Dr Narayanan was arrested in November 1994 by the Kerala Police on espionage allegations under sections 3, 4 and 5 of the Indian Official Secrets Act, 1923. He was remanded to police custody for 50 days where he was allegedly tortured by officials of Kerala Police and Intelligence Bureau of India and his statements were obtained allegedly under duress. The Police claimed that he had passed on rocket technology and cryogenic technology to some other countries for illegal gratification. However, on the investigation by the CBI, the charges were found to be false and the findings of the CBI were upheld by the Supreme Court in 1998.   

Details of the case

On 20th October 1994, Mariam Rasheeda, a Maldives native was the first one to be arrested for overstaying in Kerala. She was found to be connected to D Sasikumar, an ISRO scientist. Later, her friend, Fauzia Hassan was also arrested. A special investigation team formed on 15th November 1994 headed by DGP Siby Mathews took over the case and arrested Nambi Narayanan, Chandrasekharan and SK Sharam who were businessmen based in Bengaluru accusing them of selling ISRO’s cryogenic programme secrets to the women who were allegedly acting as spies for Russia, ISI and others.

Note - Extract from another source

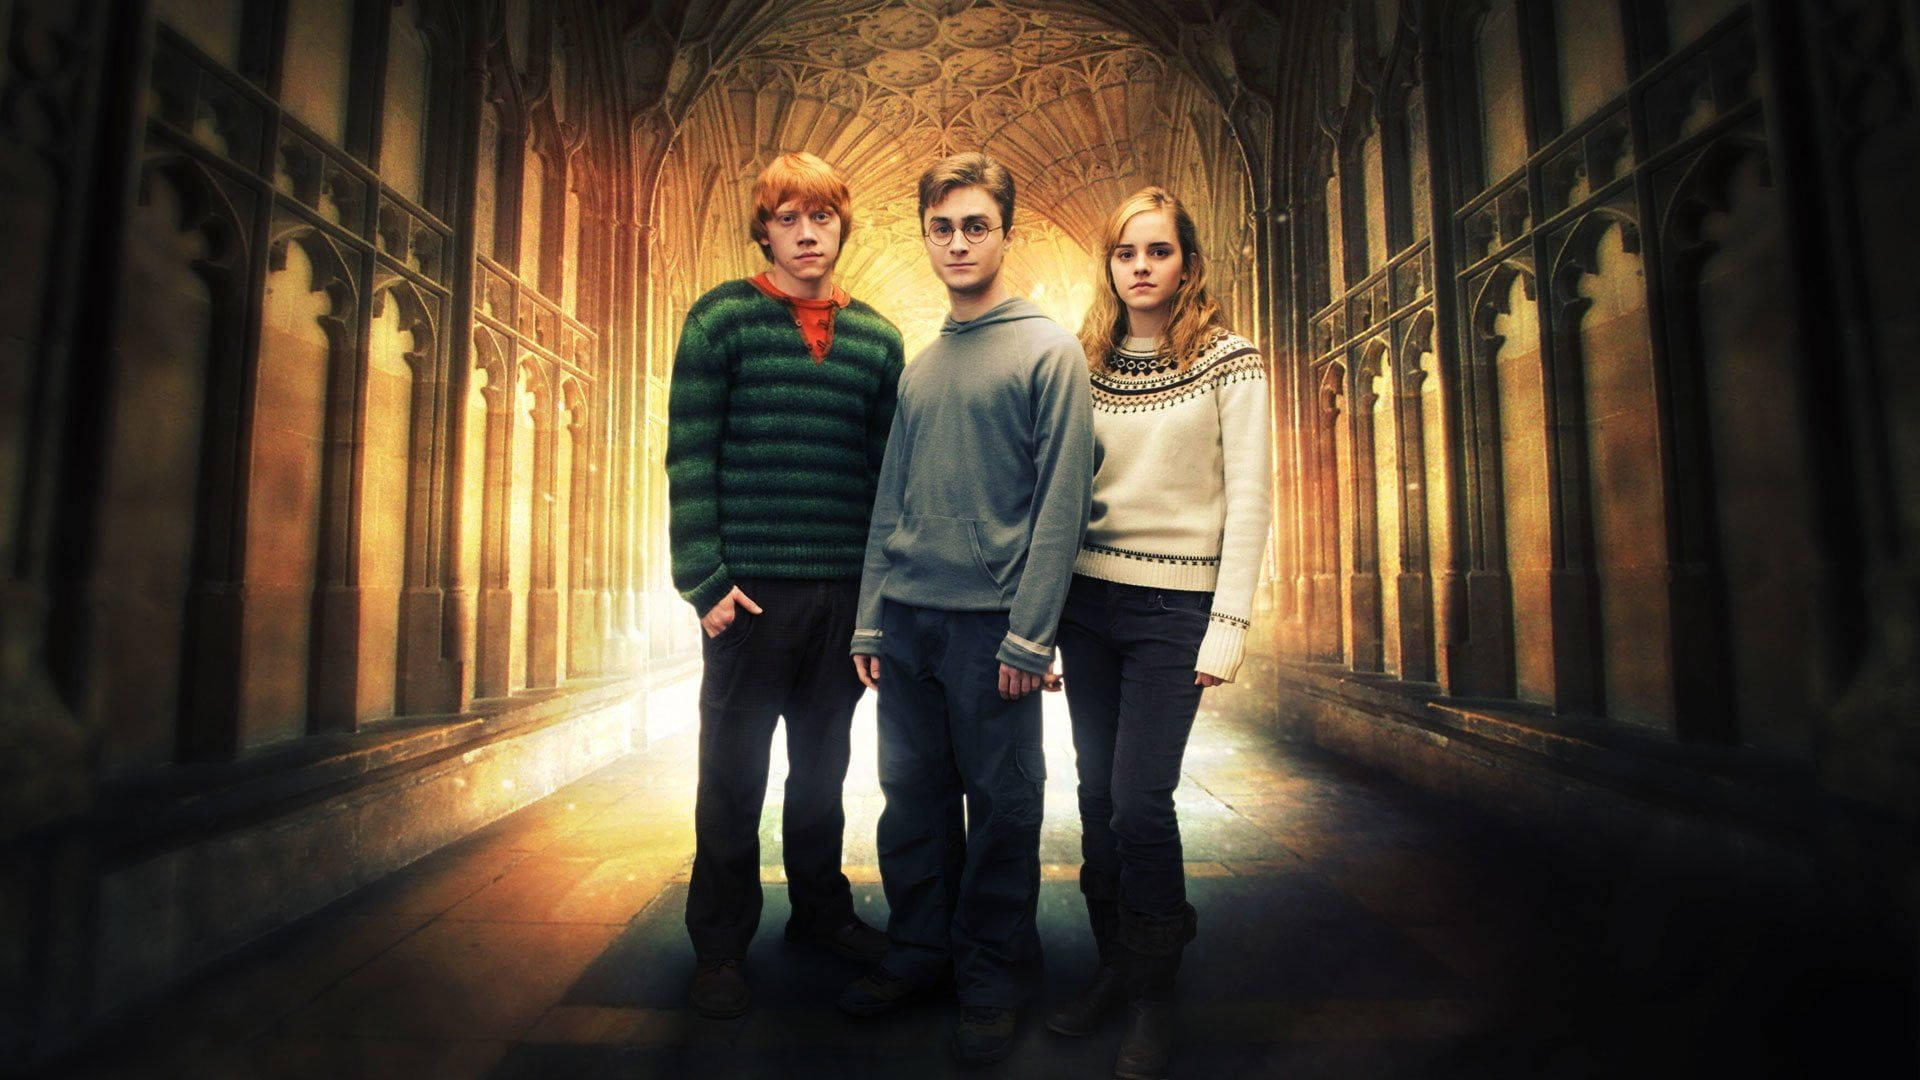 Ron Weasley With Harry Potter And Hermione Granger

The case was handed over to the CBI on 28th November 1994. The final report submitted by the CBI in April 1996 said that the case lacked evidence to substantiate the charges and all six were finally acquitted by the court.

Narayanan introduced the liquid rocket fuel technology in India in the early 70’s and was the first to build a successful 600-kg liquid motor engine and went on making even bigger one. He and his team also developed the ‘Vikas engine’ which was used in Indian’s moon mission. The ISRO spy case did not only finish the careers of two exceptionally talented scientists but also put India’s cryogenic engine development programme on hold for more than 19 years.